You can find more detailed information about each theme in the Overture Maps documentation here.

Querying Overture Maps Data With AWS Athena#

AWS Athena is a serverless SQL engine that will allow us to execute SQL queries on the Parquet files distributed by Overture.

First, in AWS Athena we need to create a table. I'll start with creating the places table, which maps to the Overture places Parquet theme. To create the table in Athena I'll need to specify the schema used for the places theme.

CREATE EXTERNAL TABLE `places`(
  `id` string,
  `updateTime` string,
  `version` int,
  `names` map<string,array<map<string,string>>>,
  `categories` struct<main:string,alternate:array<string>>,
  `confidence` double,
  `websites` array<string>,
  `socials` array<string>,
  `emails` array<string>,
  `phones` array<string>,
  `brand` struct<names:map<string,array<map<string,string>>>,wikidata:string>,
  `addresses` array<map<string,string>>,
  `sources` array<map<string,string>>,
  `bbox` struct<minX:double,maxX:double,minY:double,maxY:double>,
  `geometry` binary)
PARTITIONED BY (
  `type` varchar(5))
STORED AS PARQUET
LOCATION
  's3://overturemaps-us-west-2/release/2023-07-26-alpha.0/theme=places'

And then to trigger building the table.

MSCK REPAIR TABLE `places`

Now that we've created the places table, let's write a SQL query to fetch a subset of the Overture places data based on some bouding box. We'll download the results as a CSV file and then use the no-code Neo4j Import tool to create our graph in Neo4j Aura by mapping fields of the CSV file to the property graph model we wish to create using a visual diagramming interface. It's really quite slick!

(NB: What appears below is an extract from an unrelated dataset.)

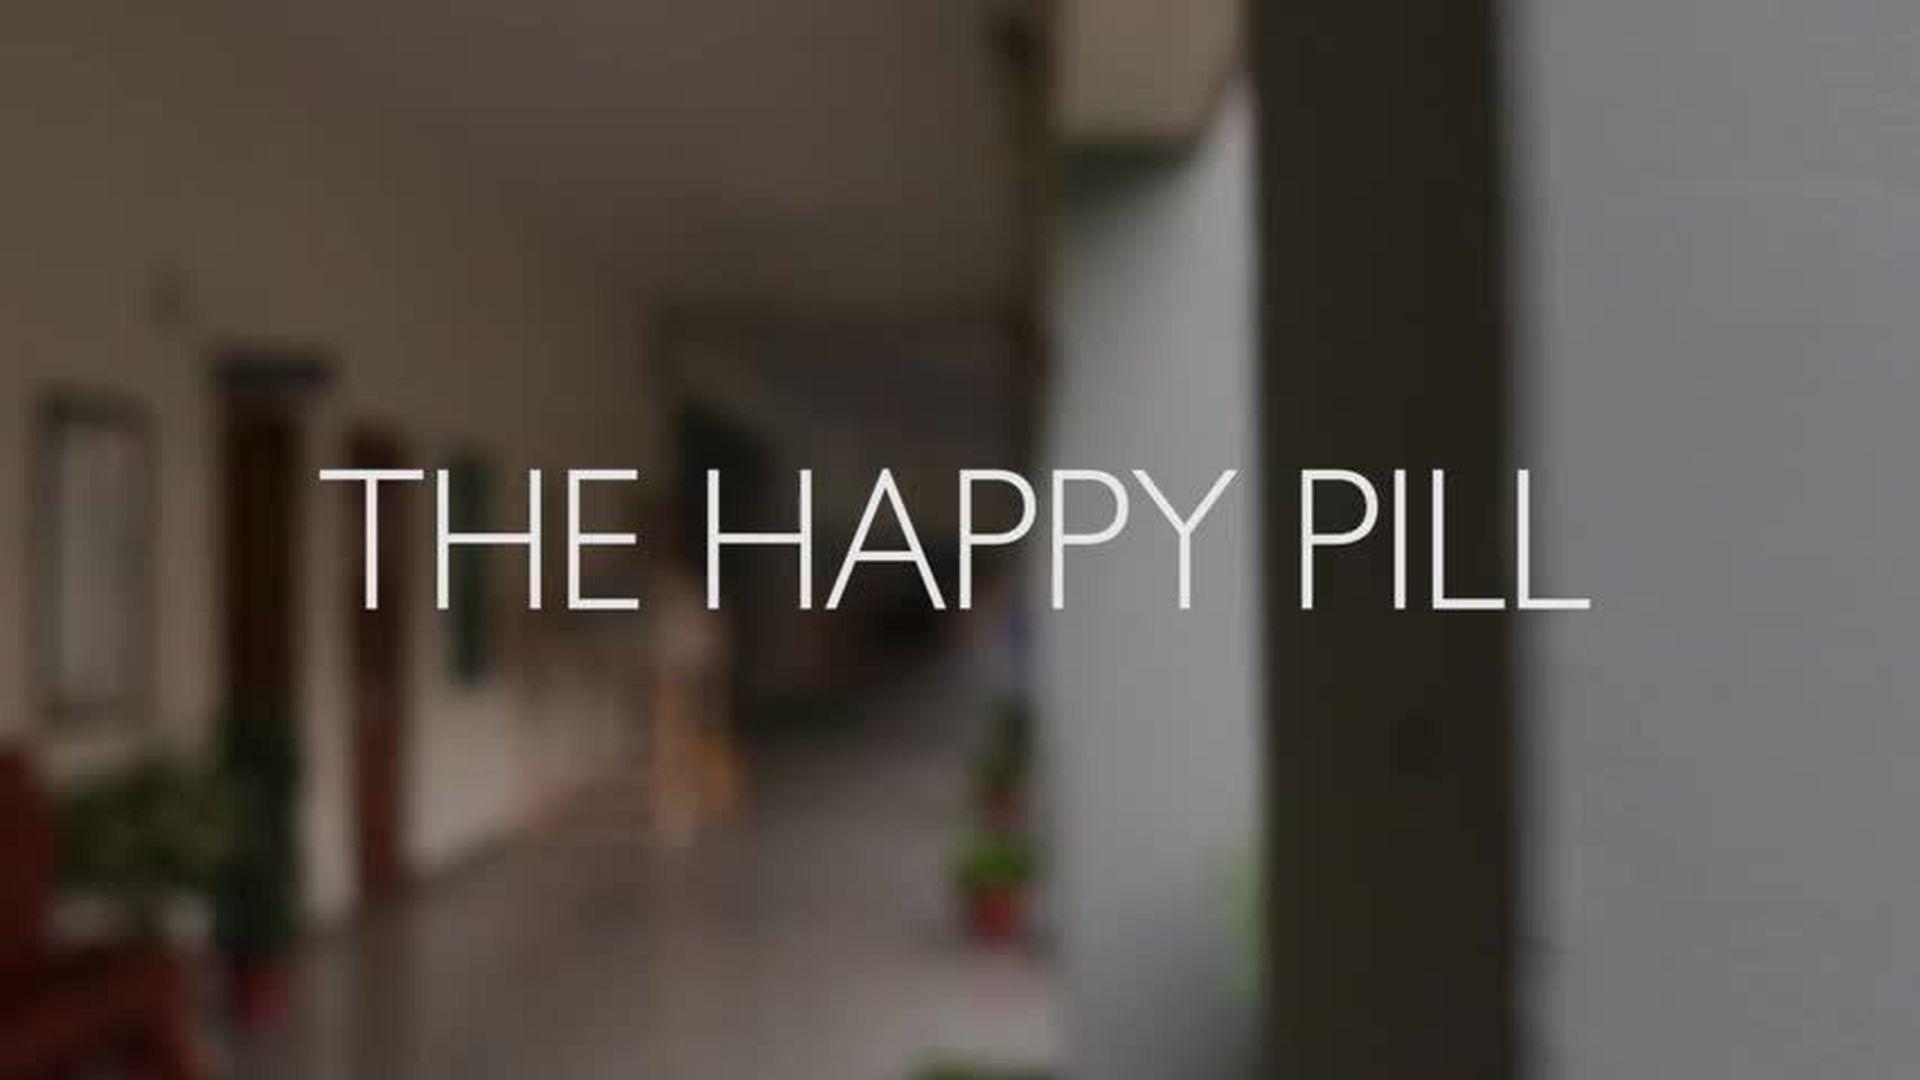 The Happy Pill

Let's subset the data based on the bounds of Clark County, Nevada in the US (home of Las Vegas). We can do that using a bbox predicate that specifies the lower-left and upper-right coordinates of our bounding box. Some of the attributes in the places table are json data so we'll also parse those fields as json and extract the relevant scalar values such as the name, category, and address components using json_extract and json_array_get SQL functions.

For the places theme each row will contain a point geometry, stored efficiently in the binary WKB (Well Known Binary) format. We'll use the ST_GeomFromBinary spatial SQL function to convert that geometry field to WKT (Well Known Text) format and then the ST_X and ST_Y functions to retrieve the point's longitude and latitude.

SELECT
    id, updatetime, version, confidence, websites, socials, emails, phones, type,
    ST_X(ST_GeomFromBinary(geometry)) as longitude,
    ST_Y(ST_GeomFromBinary(geometry)) as latitude,
    json_extract_scalar(cast(categories as json), '$.main') as category,
    json_extract(cast(categories as json), '$.alternate') as alt_categories,
    json_extract_scalar(cast(names as json), '$.common[0].value') as name,
    json_extract(json_array_get(cast(sources as json), 0), '$.dataset') as source_dataset,
    json_extract(json_array_get(cast(sources as json), 0), '$.recordid') as source_recordid,
    json_extract(json_array_get(cast(addresses as json), 0), '$.freeform') as street_address,
    json_extract(json_array_get(cast(addresses as json), 0), '$.locality') as locality,
    json_extract(json_array_get(cast(addresses as json), 0), '$.postcode') as postcode,
    json_extract(json_array_get(cast(addresses as json), 0), '$.region') as region,
    json_extract(json_array_get(cast(addresses as json), 0), '$.country') as country
FROM
    places
WHERE
        bbox.minX >  -115.896925
    AND bbox.maxX <  -114.042819
    AND bbox.minY >  35.001857
    AND bbox.maxY <  36.853662

In the AWS Athena console we can select "Download data" to download a CSV file of the results. The file is 26Mb and has about 75k rows.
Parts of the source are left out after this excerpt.